Type: Bug Priority: Major - P3
Reporter: Paul Henderson Assignee: Danny Hatcher (Inactive)
Resolution: Done Votes: 1
Labels: None
Remaining Estimate: Not Specified
Time Spent: Not Specified
Original Estimate: Not Specified

Attachments: PNG File 40433.png     PNG File SERVER-40433-3.6.6-vs-4.0.9-eviction.png     PNG File Screen Shot 2019-05-21 at 11.44.02 AM.png     PNG File Screen Shot 2019-05-21 at 11.44.10 AM.png     PNG File comparison.png     PNG File image-2019-06-20-17-14-07-249.png     PNG File server-40433-3.6.png     PNG File server-40433-4.09-metrics.png     PNG File server-40433-lock-issue.png    
Issue Links:
Problem/Incident
is caused by WT-4194 Improve fairness of eviction with mul... Closed
is caused by WT-4869 Stop adding cache pressure when evict... Closed
Related
related to WT-4758 Create a workload that bottlenecks on... Closed
related to WT-4878 Disable random dhandle selection and ... Closed
Operating System: ALL
Sprint: Storage Engines 2019-07-01
Participants:
Story Points: 3

 Description   

Since upgrading to mongo 4.0.8 from 3.4.6 our mongodumps have become extremely slow.

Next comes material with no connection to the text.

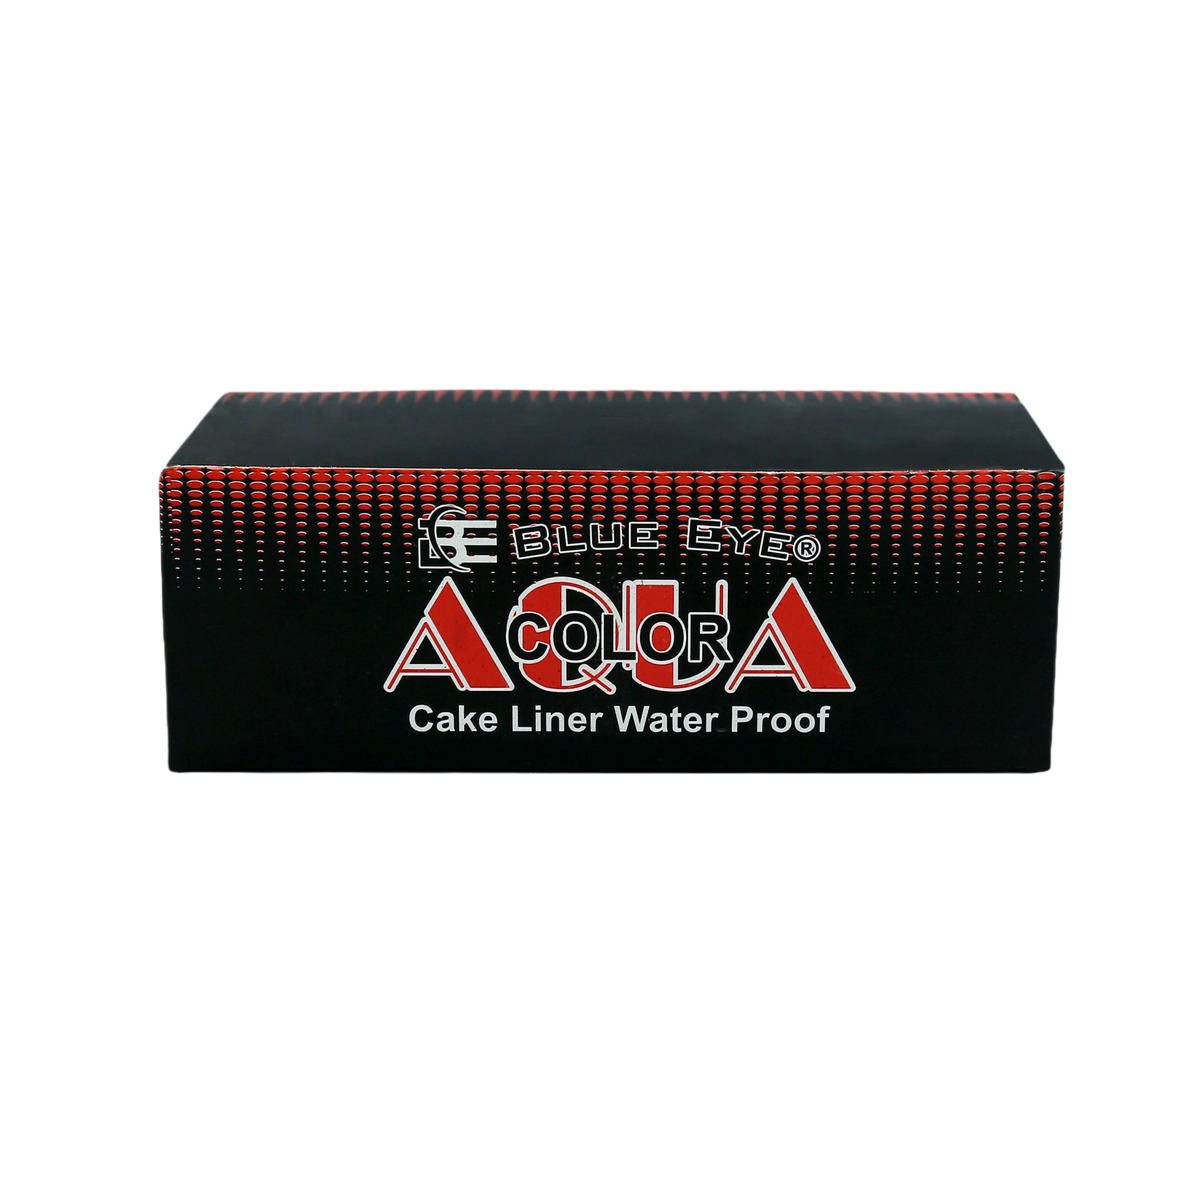 Aqua Color Cake Liner Water Proof Blue 18Gms freeshipping - lasertag.pk

mongodump --archive=${DIR}.gz \
-h ${MONGO_REPL_SET_NAME}/${MONGO_SET} \
-u ${MONGO_USER} \
-p ${MONGO_PWD} \
--gzip \
--readPreference secondaryPreferred \
--ssl \
--sslCAFile mongodb-ca.crt \
--authenticationDatabase admin \
--${DB_OR_OPLOG} \
--forceTableScan 

is the command we run for backups. Since the upgrade we are seeing about 10x slower backups.
Tried moving to a new machine with more memory and didn't see any speed improvement. CPU has 1 core at 100% while the rest of the cores have little to no activity. iostat doesn't show disk to be anywhere near saturated. We have tried running mongodump with the 3.6 and 4.0 cli too without any improvement. 



 Comments   
Comment by Danny Hatcher (Inactive) [ 20/Aug/19 ]

Ah I apologize for the confusion! Thanks for letting us know and for your patience while we fixed the problem.

Comment by Devon Yang [ 19/Aug/19 ]

Sorry if it wasn't clear, I can confirm the issue is resolved for us in 4.0.12 on behalf of Paul.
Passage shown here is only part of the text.